In his inaugural book of poems, Mowing Leaves of Grass (FlowerSong Books 2019), Sedillo assembles an invigorating collection of poems providing an Ethnic Studies curriculum via scalding ideological and ironic wordplay. His opening poem “Pilgrim” offers both biographical data and a no-nonsense (or anti-nonsense) biting analysis of current racial politics. Like Alurista and the early Chicano Movement poets, Sedillo expertly weaves literary and pop culture allusions with the cadence of radical Chican@ Studies curriculum to produce literary dynamite. He contrasts those who “were born to summer homes, and palatial groves… where the Red Fern Grows” to a Xican@ self, “Always Running, down the Devil’s Highway, through Occupied America, on the way back to the House on Mango Street, and all those other books You didn’t want us to read.” He points out how “some were born to the common core, whose faces graced the pages of doctrines to discover,” leaving others out and reminding readers how the nation’s foundation relied on the colonial ideology of white supremacy. 

When Sedillo writes, “The Melting Pot was never meant for the hands that clean it,” you get the sense that few have the courage to say this truth, or the audacity to write like this. His fierce irony, literary allusion and rhythmic alliteration become that much more pointed when he viscerally connects harsh historical truths to our present, accusing schools in particular: “Cause you don’t teach it, Could write a book, But you won’t read it… This is about you, and 1492, And the Treaty of Guadalupe, California missions, And Arizona schools, And these racists, That try to erase us… From Popol Vuh, To Yo Soy Joaquin, To the Indian that lives in me, From Mexico 68, To the missing 43, They tried to bury us, They didn’t know we were seeds.” The allusions pour down, line by line, a rain of the terror upon an indigenous Chicano history.

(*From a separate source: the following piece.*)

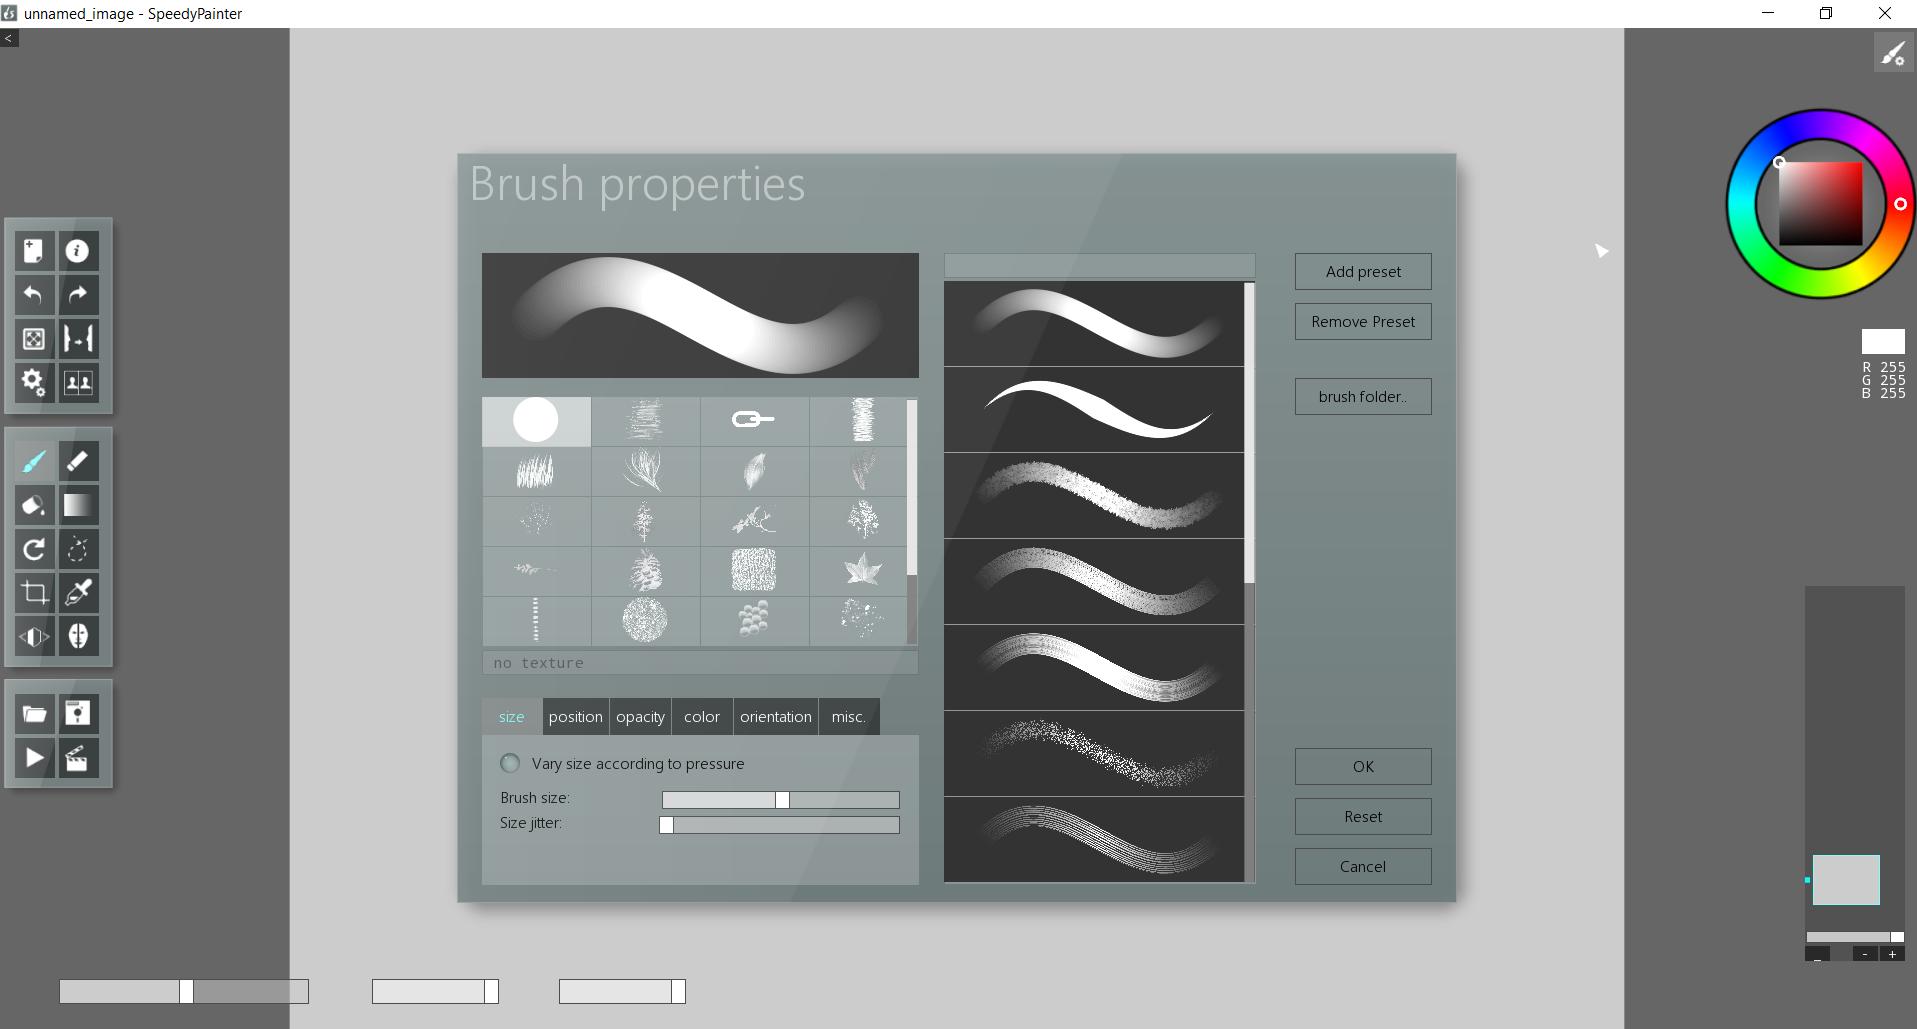 Brush window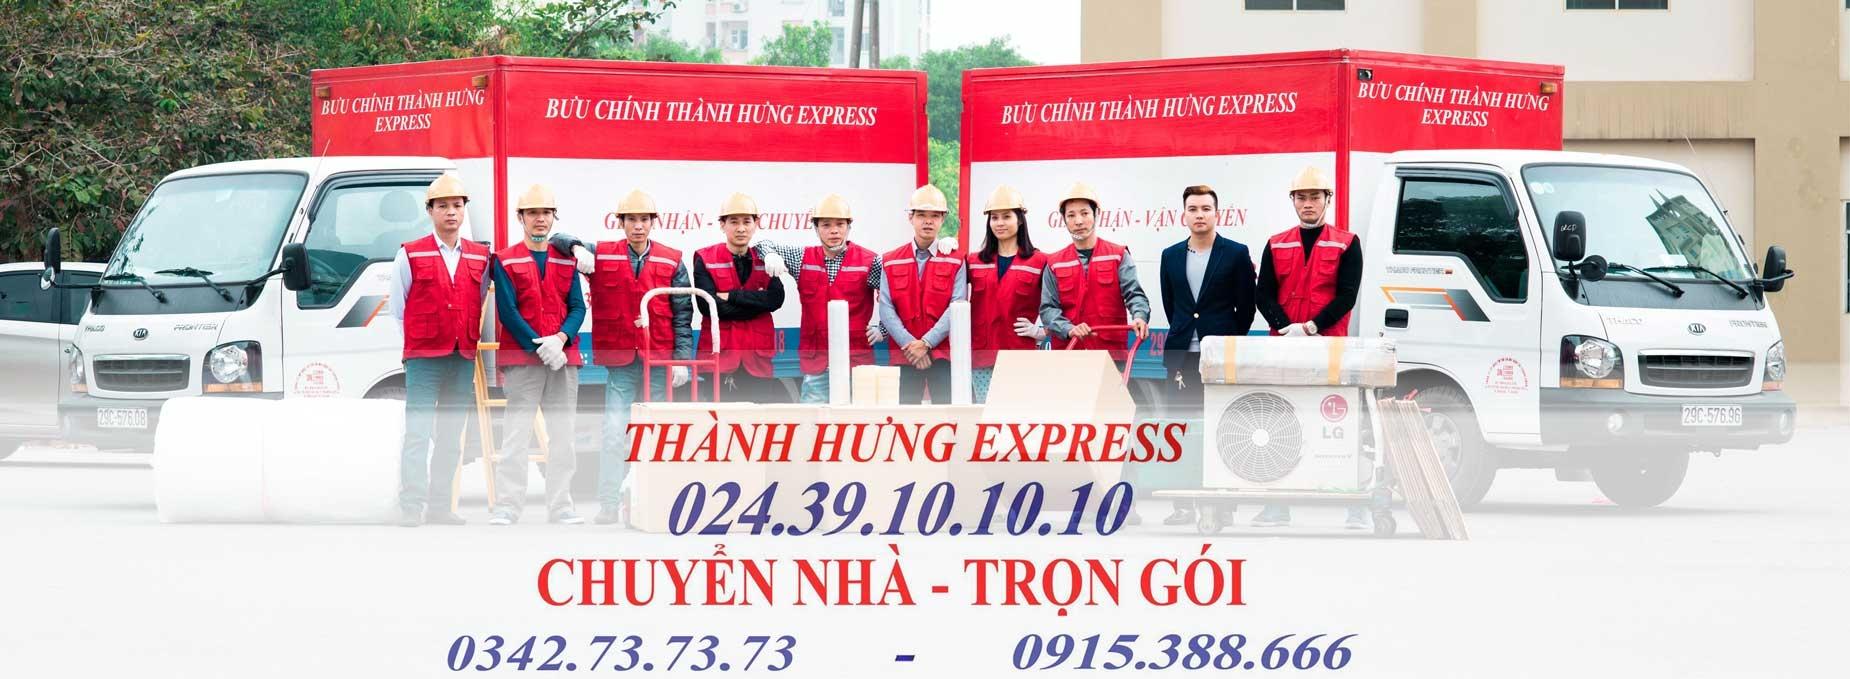 Chuyển nhà trọn gói - dịch vụ chuyển nhà Hà Nội  (@vantaithanhhung) Cover Image

The image of burying of revolutionary seeds, first published during Nicaraguan revolts in Ernesto Cardenal’s “Epitaph for the Tomb of Adolfo Báez Bone” in 1954, has been appropriated in recent struggles by Tucson Raza/Ethnic  Studies organizers, to Mexicans protesting the Ayotzinapa massacre, to Black Lives Matter protesters. But like Central American poet-priest Cardenal, Sedillo articulates a leitmotif that signals uplift and regeneration. Sedillo ends his poems in balletic form, a cutting irony: “We didn’t cross the borders, The borders crossed us, Who you calling an immigrant, Pilgrim.” The rhetorical question, full of pleito, is enforced in the echoes of a radical Xican@ arts tradition, alluding to Aztlan Underground’s hit song and Yolanda Lopez’ iconic movement posters.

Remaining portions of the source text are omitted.